Ask HN: Do you brainstorm regularly? - jaytee_clone

1. How often do you brainstorm?<p>2. Do you do it for work or for fun?<p>3. Do you do it by yourself or with others?<p>4. What brainstorming techniques do you employ?
======
Xurinos
I just think. I first strive to understand a concept, and then I put myself in
the shoes of the actors affected by the concept. It evolves in my mental
vision, and abstractions flutter around, interact, and connect in appropriate
places. Eventually I have a pretty complete Vision in the abstract, the
interesting implementation details mostly worked out and the uninteresting
details glossed over.

This is often most effective in the course of a shower, kinda my meditation
time under the water, allowing my mind to drift and play with interesting
problems. However, I use the same approach for problems at the workplace or
pretty much any problem I encounter in life.
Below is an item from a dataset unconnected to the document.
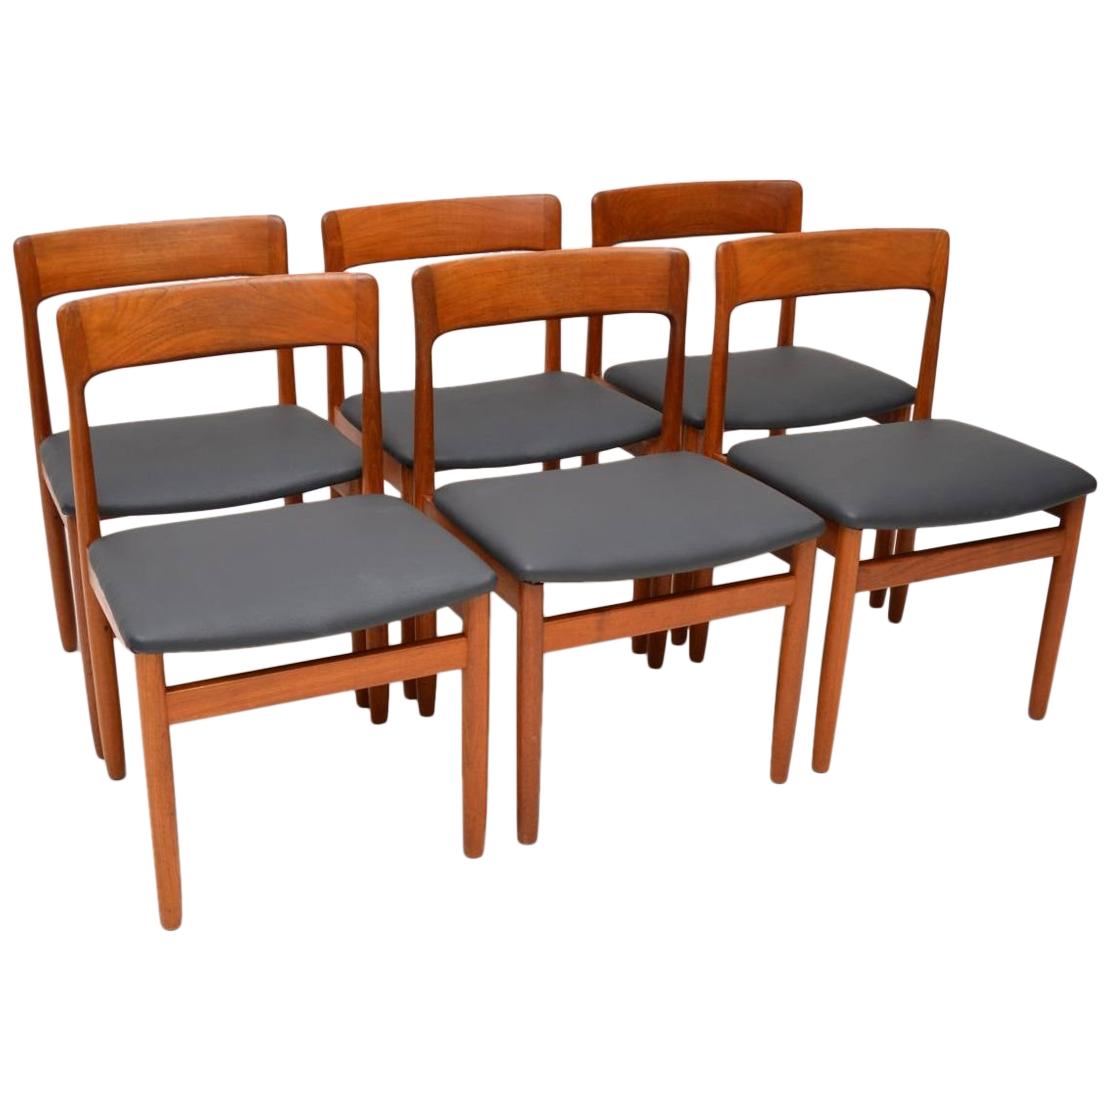 1960s Set of 6 Vintage Teak Dining Chairs by Younger

I believe less in random brainstorms and more in looking at the big picture.
Also, I do not mind trying things out, even if they seem improbable, just to
see if they work anyway. There is a certain limit to dreaming about things. I
balance the practical with my problem-solving.

------
scorpioxy
My boss likes to "brainstorm", I don't. These meetings are usually filled with
half-baked plans that tend to break later on and me after a few weeks left
fixing the mess.

I rather tend to take a philosopher's walk and think things through. Then I
try to forget about it and work on something else for a while so that the plan
develops.

------
imp
Rarely, usually only when I'm stuck on a problem or before I begin long-term
planning for a website. It's usually both work and fun. By myself. No
techniques, just a fat sharpie marker and lots of blank scrap paper. Sometimes
I tape up pages to the wall around my desk to help visualize ideas.